Why and how we changed the way we support FT.com

Tatiana Stantonian
FT Product & Technology
4 min readMay 13, 2020

A smaller and more consistent team that focuses on triaging, urgent issues, and recurring pain points.

Every day, FT.com publishes over 100 articles and about 25 developers work on maintaining and improving the site. One of our teams is dedicated to dealing with bugs and incidents reported for FT.com, and is nicknamed “Ops Cops”.

Product teams used to take on the Ops Cops role for a week at a time

Until last August, Ops Cops didn’t have any permanent members and its duties were handled in turn by the various product teams within FT.com, who would interrupt their usual mission work for a week to focus on incoming bugs and incidents. The developers would be in charge of responding to any reports, as well as tracking and resolving them. Every week, there would be a handover meeting to discuss any unfinished tickets with the next product team that was about to take on the role of Ops Cops. That system had the advantage of being quite easy to manage, with each team taking on this role every 5 or 6 weeks.

However, it also had drawbacks:

  • Bugs would go to Ops Cops regardless of which FT.com app they belonged to. That means that the developers that were familiar with the bits of the codebase where the bug occurred and had recently changed them were not usually the ones to fix them. The impact of that was that teams were not actively aware of the technical debt they were creating.
  • Developers also spent time doing admin work such as creating Trello cards, responding to people reporting the incident, and updating them on the status of their issue, creating interruptions and distractions from the technical work required to solve them.
  • There was a lack of consistency and attention to recurring issues, due to the fact that no one spent more than a week on Ops Cops at a time.
  • During shifts there was a disconnect within product teams as Product Managers and Delivery Managers were not involved in Ops Cops work, but their developers were not available to progress product work either.
  • And finally, team sizes were uneven, which means some weeks three engineers would be on Ops Cops and others up to seven, and there wasn’t always enough work for that many people.

We created two permanent OpsCops positions, assisted by engineers rotating in

Last summer, we decided to change how Ops Cops works in two important ways:

  • Ops Cops now has a dedicated Delivery Manager and Tech Lead and two engineers on rotation, coming from different product teams.
  • Ops Cops started delegating non-urgent issues to product teams. This was a two step process: initially only bugs on applications that product teams were actively working on or familiar with were delegated, and Ops Cops dealt with any bugs happening on ‘unowned’ apps.
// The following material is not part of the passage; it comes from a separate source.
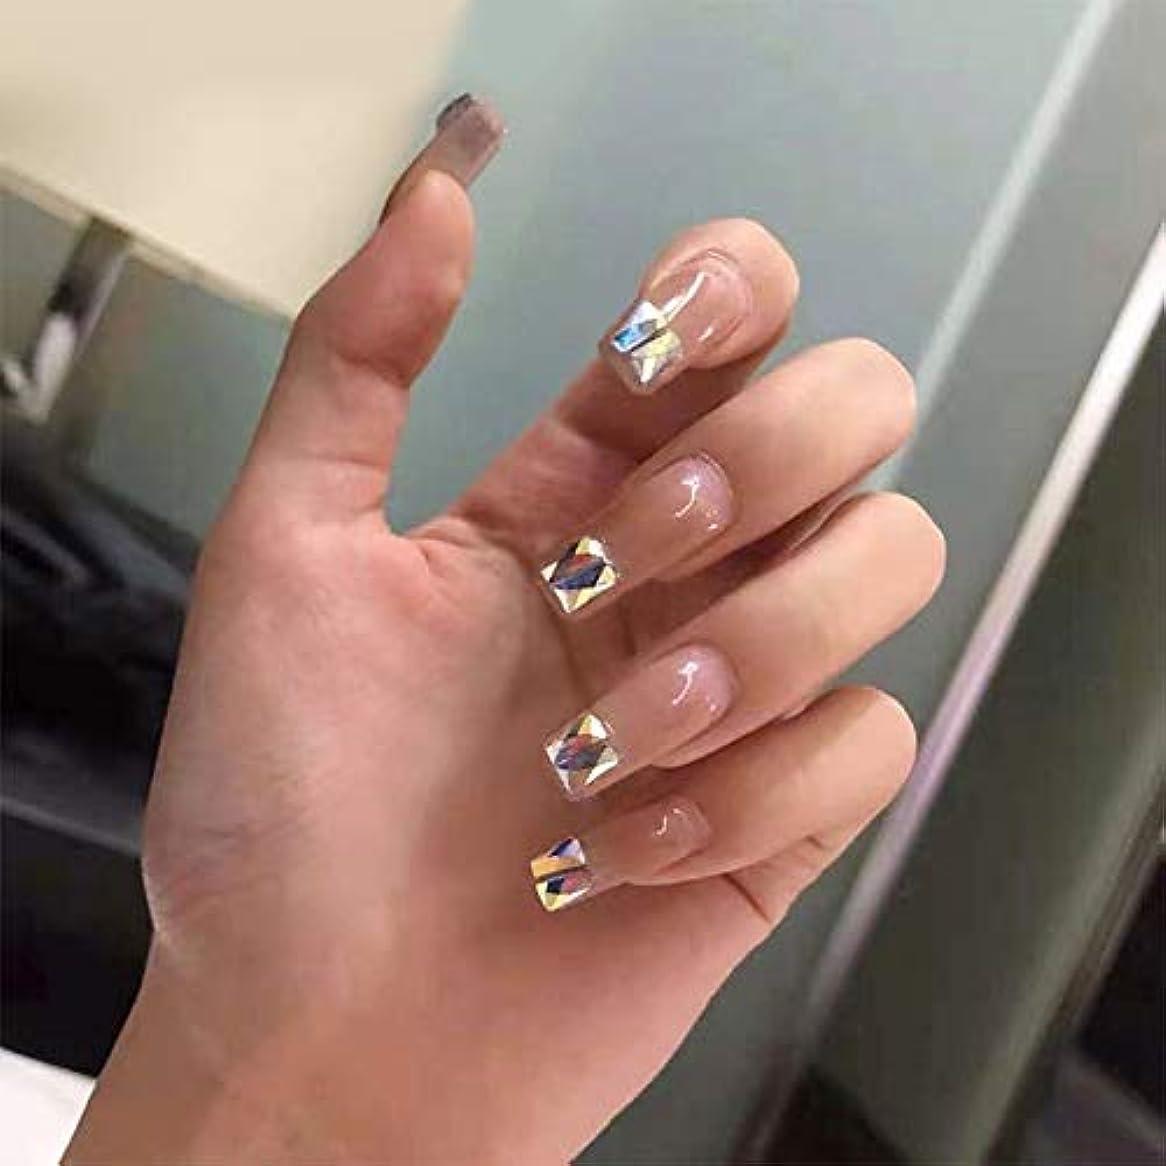 命令卵啓発するXUTXZKA 美しい純粋な色のダイヤモンド偽の爪花嫁フル爪のヒント女性装飾爪

Now, we are moving towards there being no ‘unowned apps’; all apps will be owned by a product team, so all non-urgent bugs are progressively being delegated to product teams too.

Bugs are tackled more efficiently and pain points are addressed

Because product teams deal with the defects that occur on their own applications, they have context to solve them more quickly than Ops Cops would, and the learnings derived can inform their future changes. And although that does add to their workload, they also have more people to tackle it as they don’t need to dedicate all their developers (up to seven people) to Ops Cops for a full week at a time every 5 or 6 weeks. In the new system, devs from product teams only spend about one week per quarter on Ops Cops, where it used to be twice as much.

Having permanent members has also helped share context from week to week with developers on rotation, prioritise issues consistently, and set OKRs to address pain points and recurring bugs. Since moving to this system, OpsCops has spent time tackling constantly red healthchecks and the noisiest alerts. We’ve built a dashboard allowing us to see immediately if there was an error spike. We’ve also built a tool to allow the product support team to self-serve epaper subscription cancellations, which involved a very small task that developers had to manually do, with requests coming in almost daily.

Image of a monitoring screen in FT’s offices
Ops Cops’ monitoring screen. Remember offices?

Devs can also focus on their technical work and avoid needless interruptions as the delivery manager is the first port of call for reporters of issues — they acknowledge the issue has been recorded, and create a JIRA card to track progress. All developers have to do is to pick up cards from the JIRA board and document their findings.

We’ve had very good feedback from the developers on OpsCops rotation, who have overwhelmingly said they prefer this system. The consistency brought by having a permanent tech lead and delivery manager has also been appreciated in the wider business, such as the operations and reliability team and various other support teams, as they now have a ‘go to’ person that represents Ops Cops for FT.com.

Next step: delegating all low impact bugs to product teams

At the beginning of July, Ops Cops will be moving to a system where all low impact bugs will be tackled by a product team. This means a Product Manager, who is familiar with the users of said product, will be able to prioritise these issues alongside their mission work. They can also prioritise the work to reduce tech debt on applications that have a lot of issues.

Ops Cops will remain the first port of call for all FT.com support requests and will be responsible for assessing the impact of issues and delegating them to the relevant product team if it’s a low impact bug. We will be immediately available to tackle major and high impact issues such as outages or serious usability issues, which cannot wait.